VectorPosse / intro_stats

Introduction to Statistics: an integrated textbook and workbook using R
MIT License
17 stars 7 forks source link

Module 9 -- "incorrect" p-value from 1-ulcer_prop #23

Closed rhinopotamus closed 5 years ago

rhinopotamus commented 5 years ago

Okay, so here's a funny thing:

In R module 9, let's say that students code their ulcer variable "backwards":

ulcer <- factor(Melanoma$ulcer, levels = c(0, 1), labels = c("absent", "present"))

Well, then if they do ulcer_prop <- prop(ulcer, data = ulcer_df), then they get 0.561ish, and so they'll want to use 1-ulcer_prop for most of their calculations. However, this gives you the wrong two-sided p-value:

P2 <- 2 * prop(sims2$prop <= 1-ulcer_prop) results in 0.07.

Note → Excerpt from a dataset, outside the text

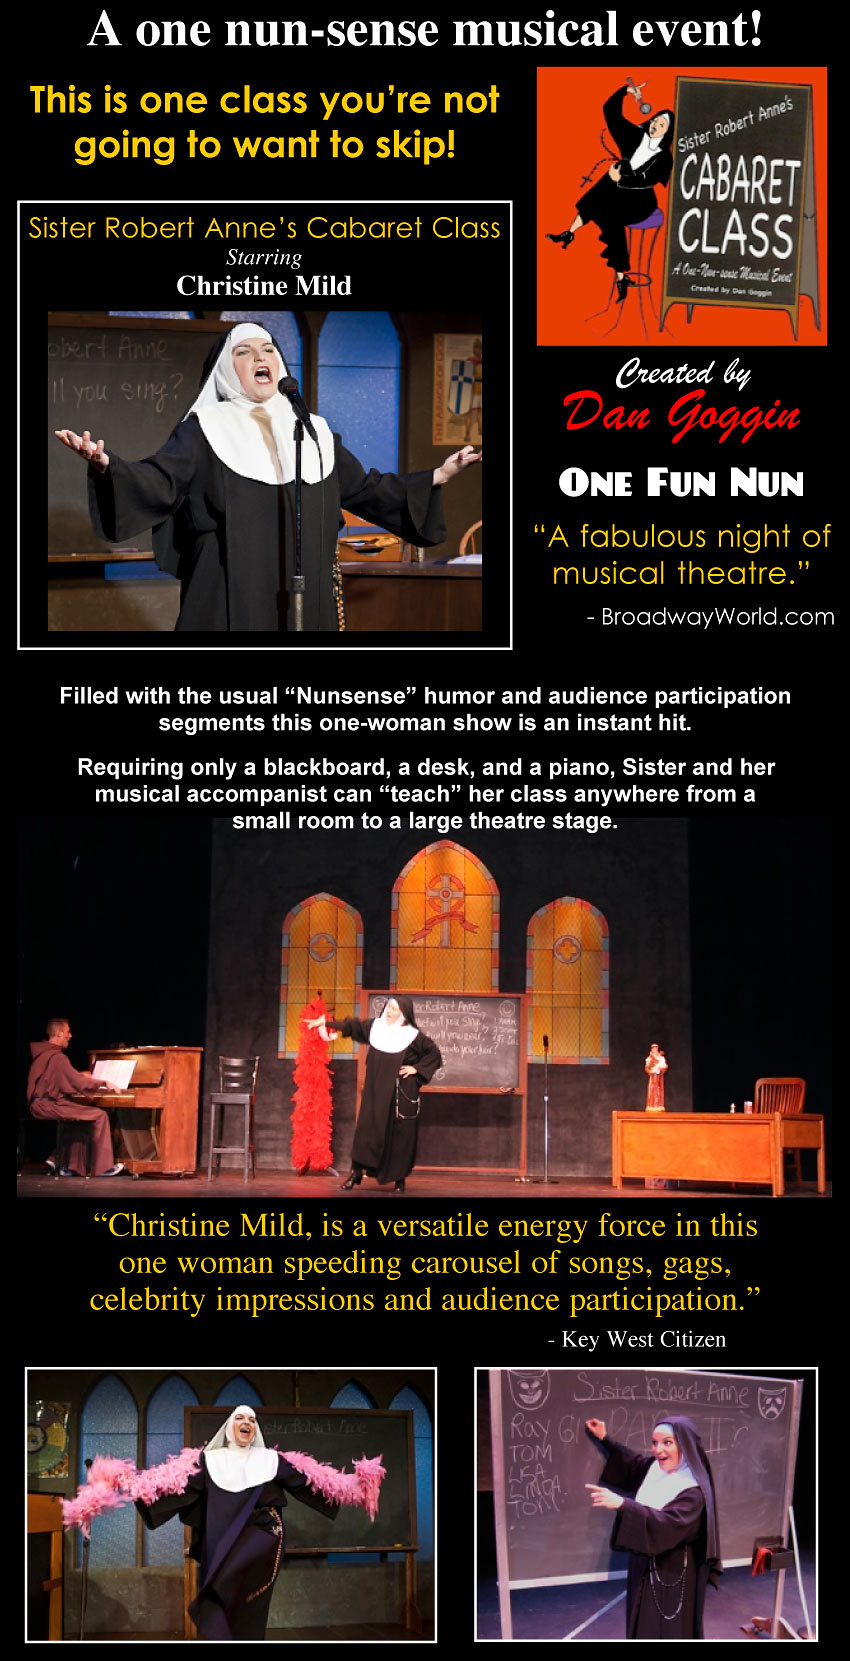 One Fun Nun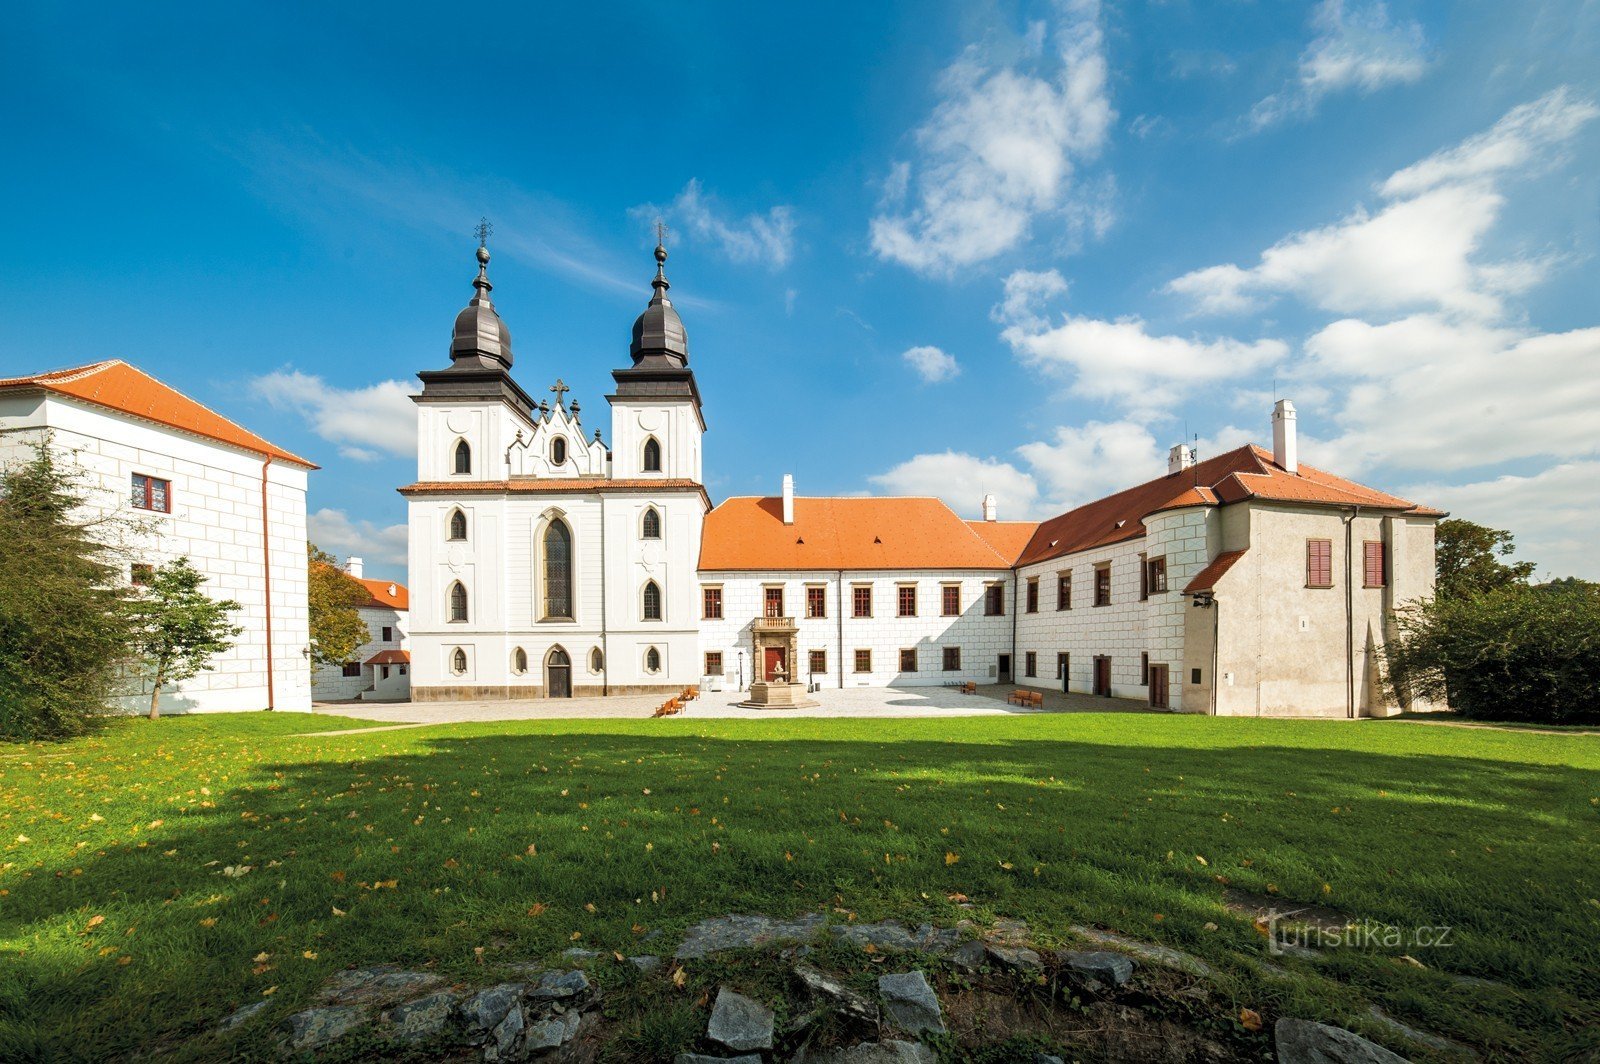 Castelul Třebíč prezintă o noutate – tururi costumate

The reason for this appears to be a rounding issue. Try doing sims2 %>% filter(prop <= 1-ulcer_prop) %>% arrange(prop) versus sims2 %>% filter(prop <= 90/205) %>% arrange(prop) and you'll see what I mean -- the prior results in 35 rows where the latter results in 50 rows, including some with a proportion equivalent to 90/205.

I think the easiest fix is to just mention 0.07 as another possibility for the two-sided p-value in the rubric, or else to very specifically instruct students to put the "success" criterion first.

VectorPosse commented 5 years ago

Good catch. In fact I'll do both. I'll change the module to instruct students specifically to use levels = c(1, 0) and labels = c("present", "absent"), and I'll also change the rubric to mention the possible discrepancy.